Once you’re settled in your first apartment, you’re sure to look for ways to save a few bucks here and there as bills add up. Food is a HUGE way you can limit expenses. Think about it… going out, even for a quick bite, can cost $10-$15 per person. If you were to cook a meal at home, it can cost a fraction of that, down to a few dollars per person! But, with a hectic work and social schedule, cooking can fall to the back burner (see what I did there?). The great news? It doesn’t have to! With a slow-cooker, you can make healthy, delicious, CHEAP meals with the press of a button.
Don’t have a slow-cooker?
No problem! This is a quick one-time investment, and basic versions are pretty inexpensive. If you live alone or with a roommate or two that will share meals with you, you don’t need a huge fancy machine. Check out this basic model from Target ($30), this mini version of a CrockPot ($9, and great if you live or cook solo!), or a programmable model ($35). There are many other options as well, which you can find by searching “slow cooker” online! The programmable model is great because you can schedule your machine to start and stop cooking at a specific time, but it’s certainly not necessary if you’re on a budget.
Slow cookers heat food at low temperatures for hours at a time, meaning you can leave your dinner in the slow cooker in the morning and come home to a perfectly done meal 8 hours later! They are small canisters that plug into the wall, meaning no open flames. You can cook anything from meat to soups to casseroles to desserts!

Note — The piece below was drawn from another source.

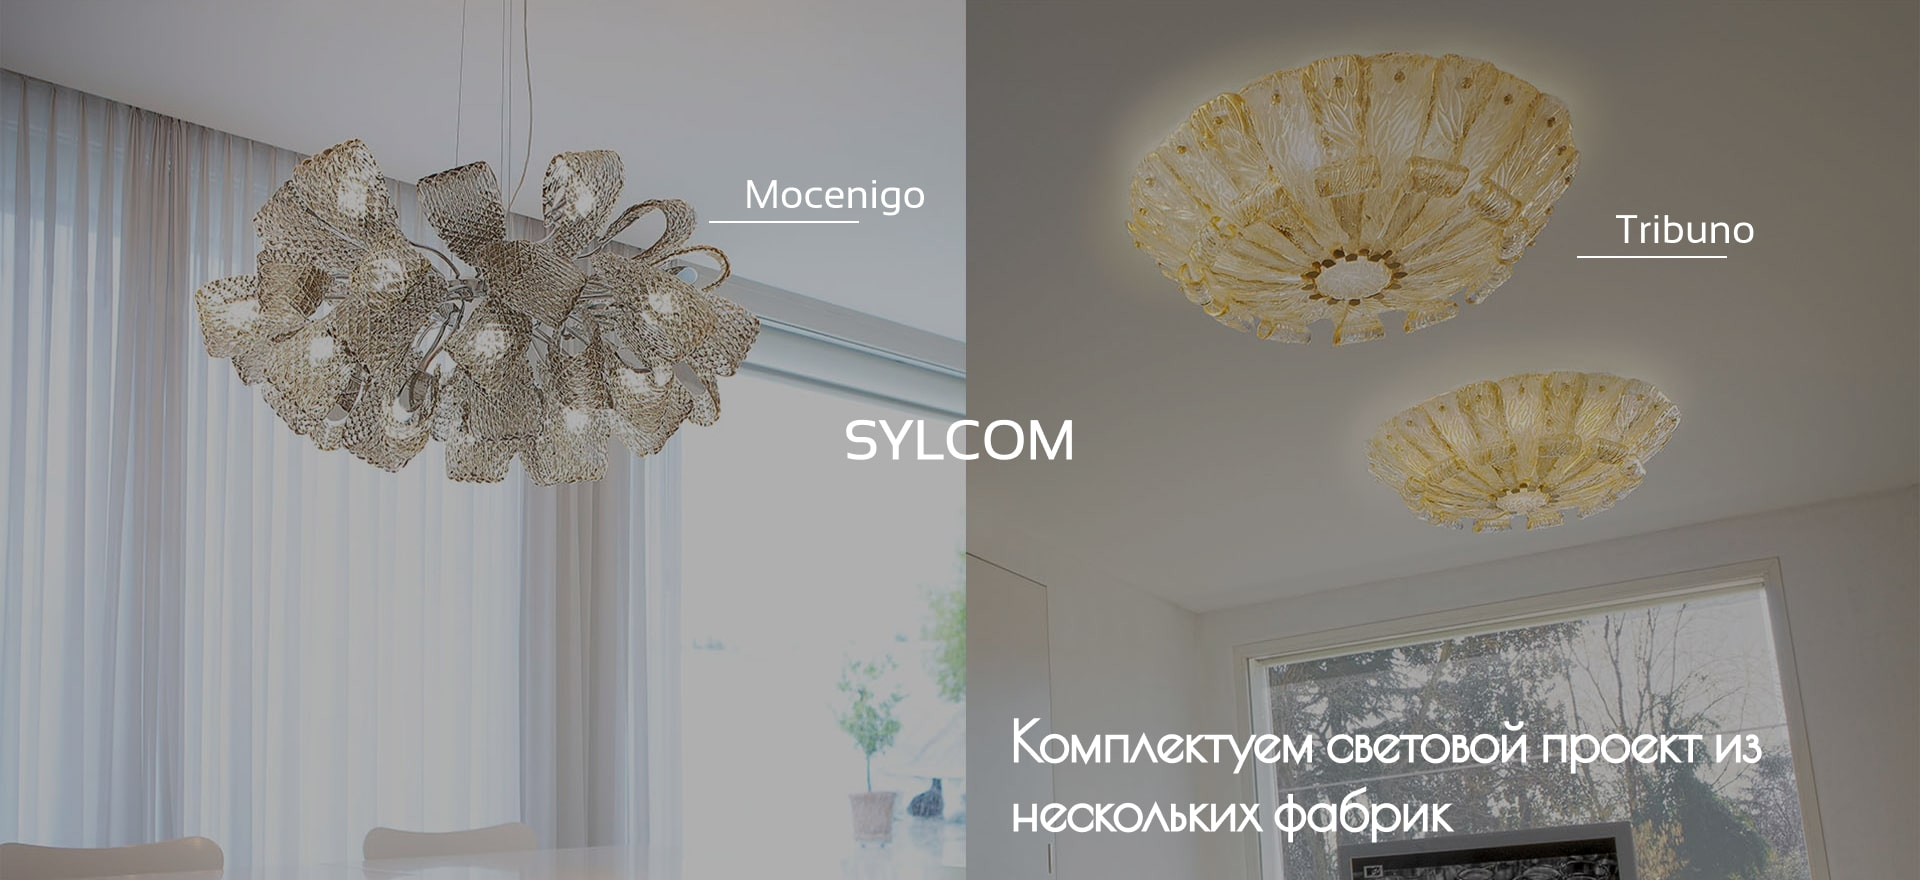 slider-sylcom

There are hundreds (thousands!) of slow-cooker recipes available online, and there are plenty of cookbooks dedicated to the style of cooking. Do some online searching to find a few recipes that speak to you! Purchase the ingredients and toss them into your machine in the morning for a delicious meal that evening! Here are a few ideas from Allrecipes, CountryLiving, and Delish to get you started.
- Try preparing all ingredients for a couple recipes in advance (or on a meal prep day!) and freeze them in a plastic bag until you’re ready to use them. This will save on prep time during busy weeks as you can dump the bag’s contents right into the slow-cooker and start!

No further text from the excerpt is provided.